沈旭瞧了沈浪一眼,屏退婢仆,想了会儿才说道:“你境界太低,不明白修行界的险恶,以为出行都是好玩的么?殊不知每次历险都是九死一生,老祖能活到现在,已经是运气不俗了。”
“我这次出行,是应天蜈散人之徒绿阴散人邀请前去暨州镇压一头千年靛僵!原本一切顺利……”
沈旭娓娓道来,略带吹嘘了自己一番,把群修斗游尸的过程添油加醋讲了一遍,听得沈浪两眼放光,一脸向往。
“老祖宗此番涉险可谓波澜壮阔,没想到连太虚宫都牵扯进来!”沈浪一脸濡慕道:“真想见识一番那个‘碧水长流,青衫不改’的宗长青呢!”
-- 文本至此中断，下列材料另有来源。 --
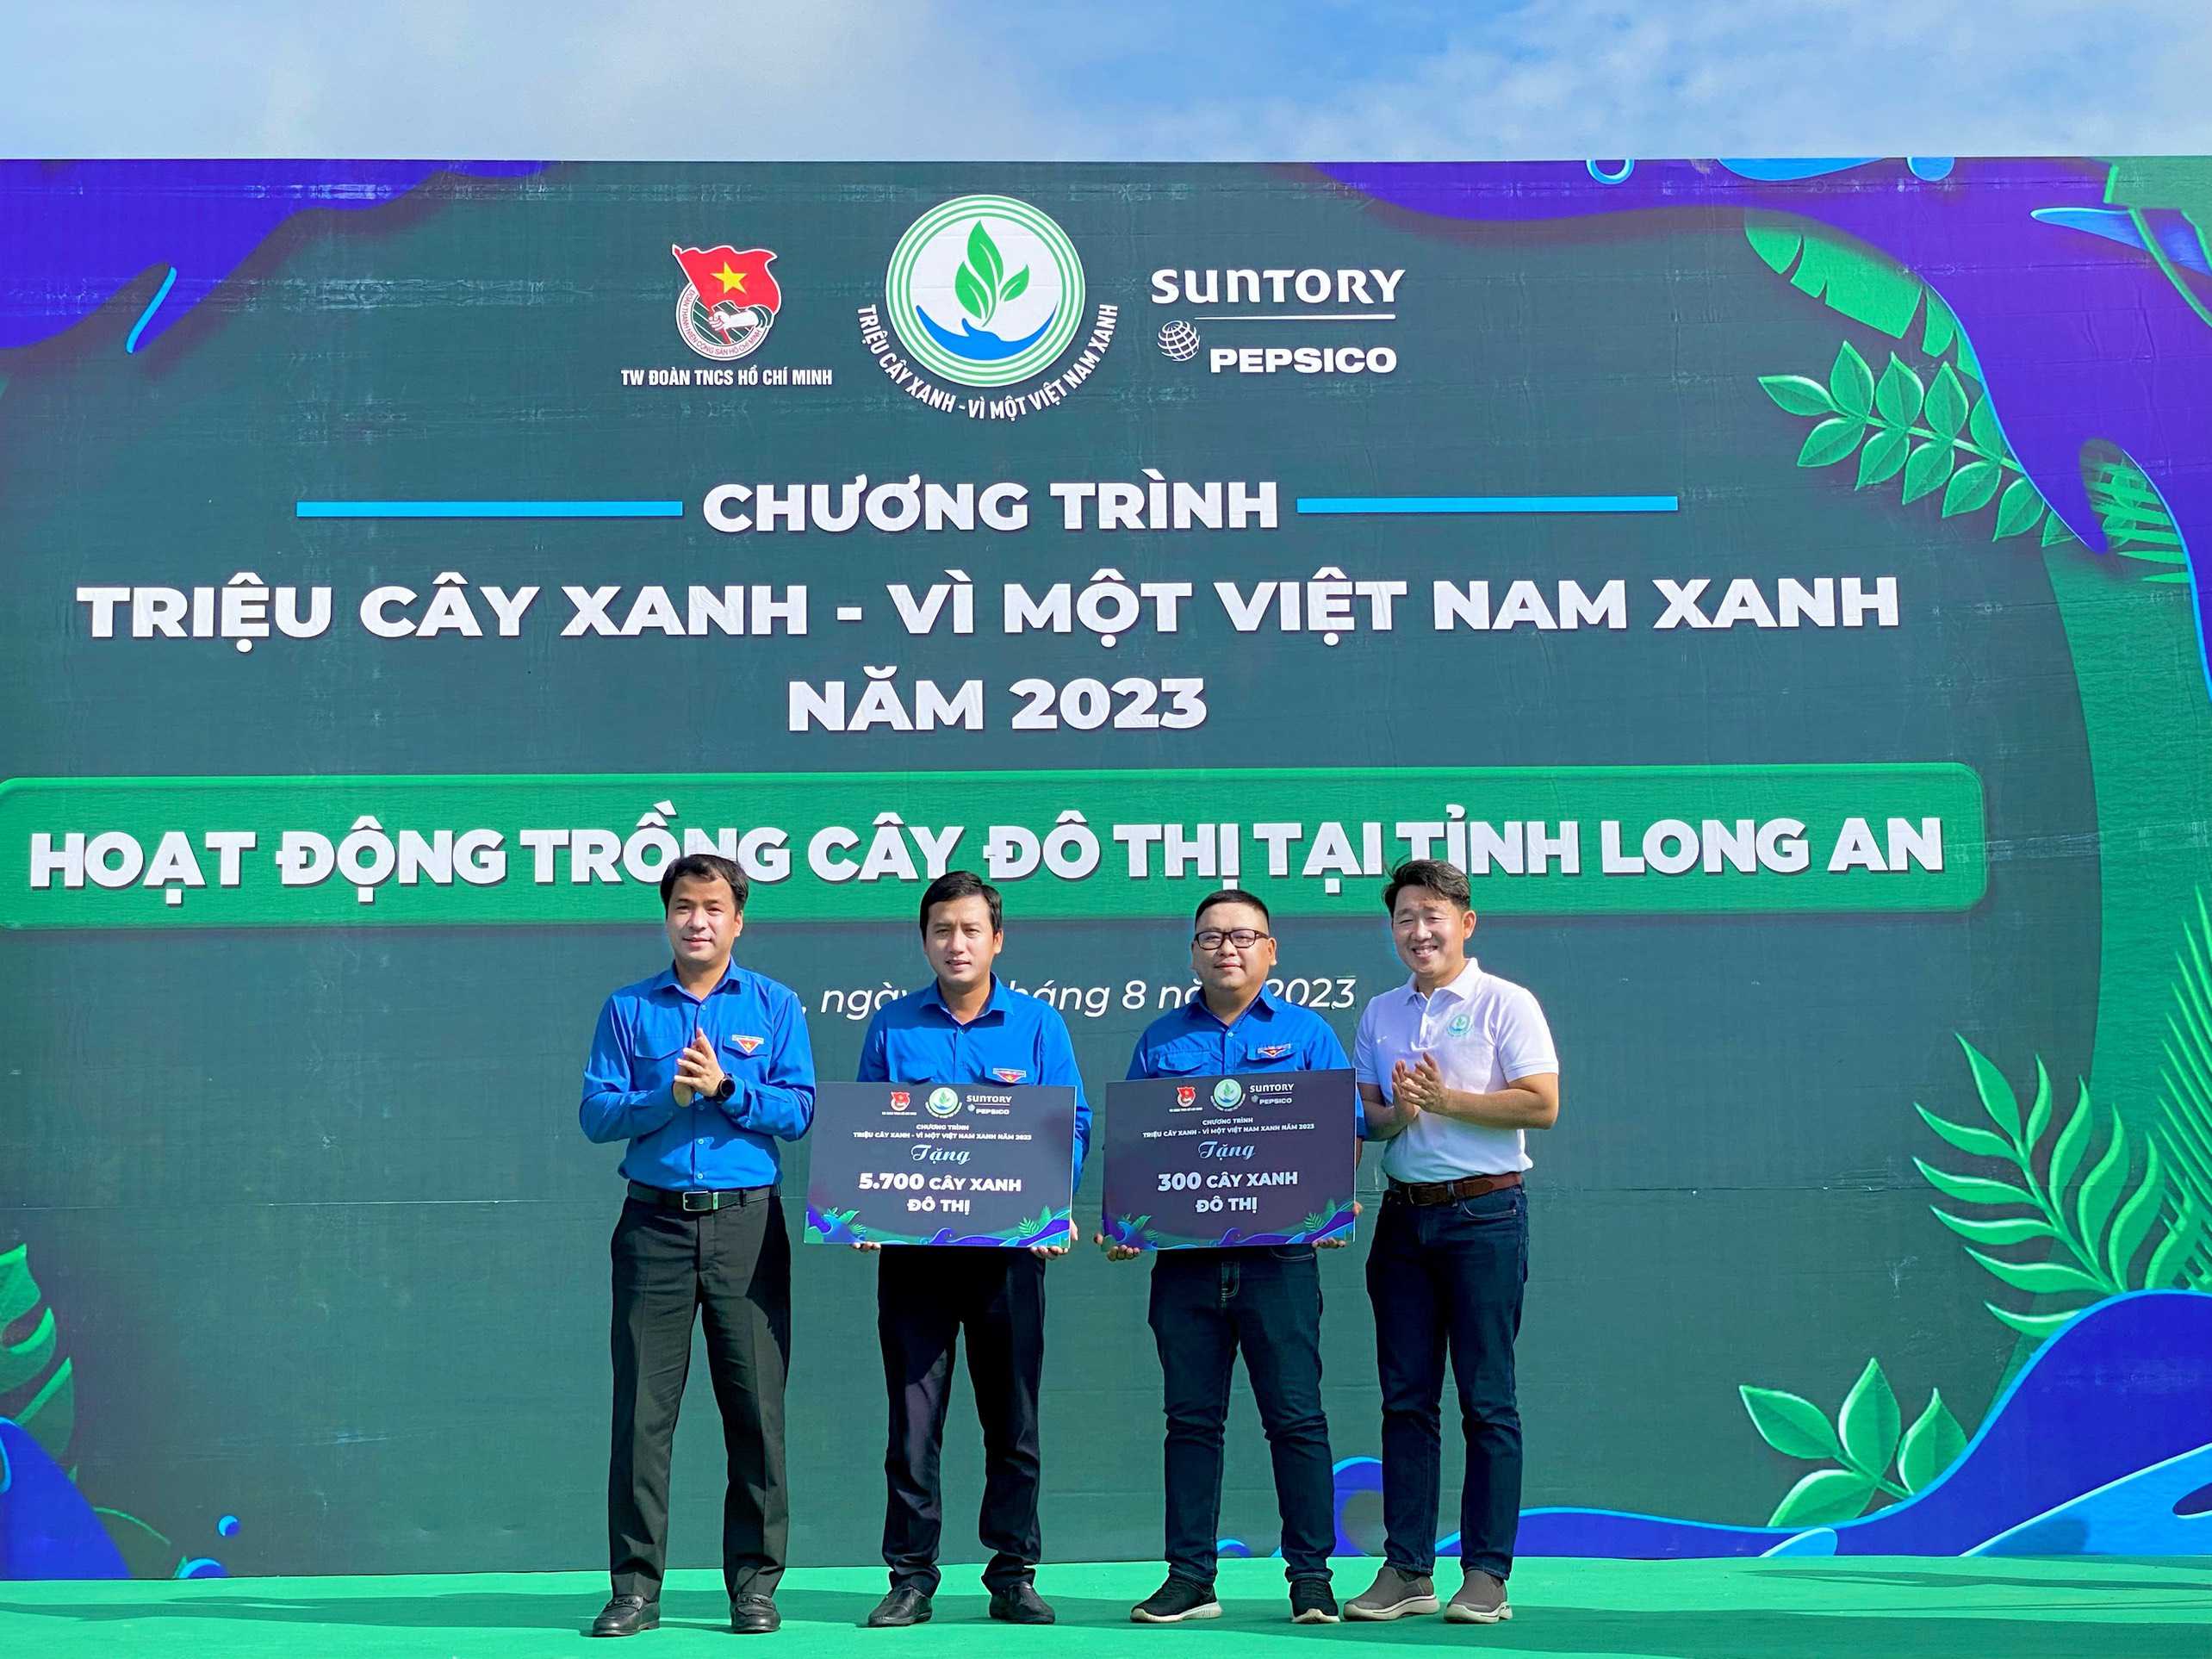 Phát động trồng cây đô thị trong khuôn khổ chương trình“Triệu cây xanh – Vì một Việt Nam xanh” năm 2023 tại tỉnh Long An

“此事你少往外乱说,据蜼元道人的意思,这位宗长青道长恐怕是太虚宫秘传弟子之一,将来是要争那浮生行走,甚至掌教至尊的大人物,你若以讹传讹,恶了人家,怪罪下来,老祖我也担待不起。”沈旭道人郑重道。
“那可了不得啊!孙儿晓得!”沈浪连连点头,心中自家老祖的形象更加伟岸,随即他话头一转,似是邀夸道:“老祖这趟远门,咱们庆京也发生了不少趣事呢。”【@*爱奇文学om&…更好更新更快】
“哦,说来听听?”沈旭顺着话题随
口道。
要说沈浪早年放纵市井,倒也有个好处,那就是在玉衡城人脉广博,消息灵通,这才是他在城内声望直追乃祖的最大原因。
只不过那些讯息大部分都是狗屁倒灶的俗事,入不得沈旭居士之耳。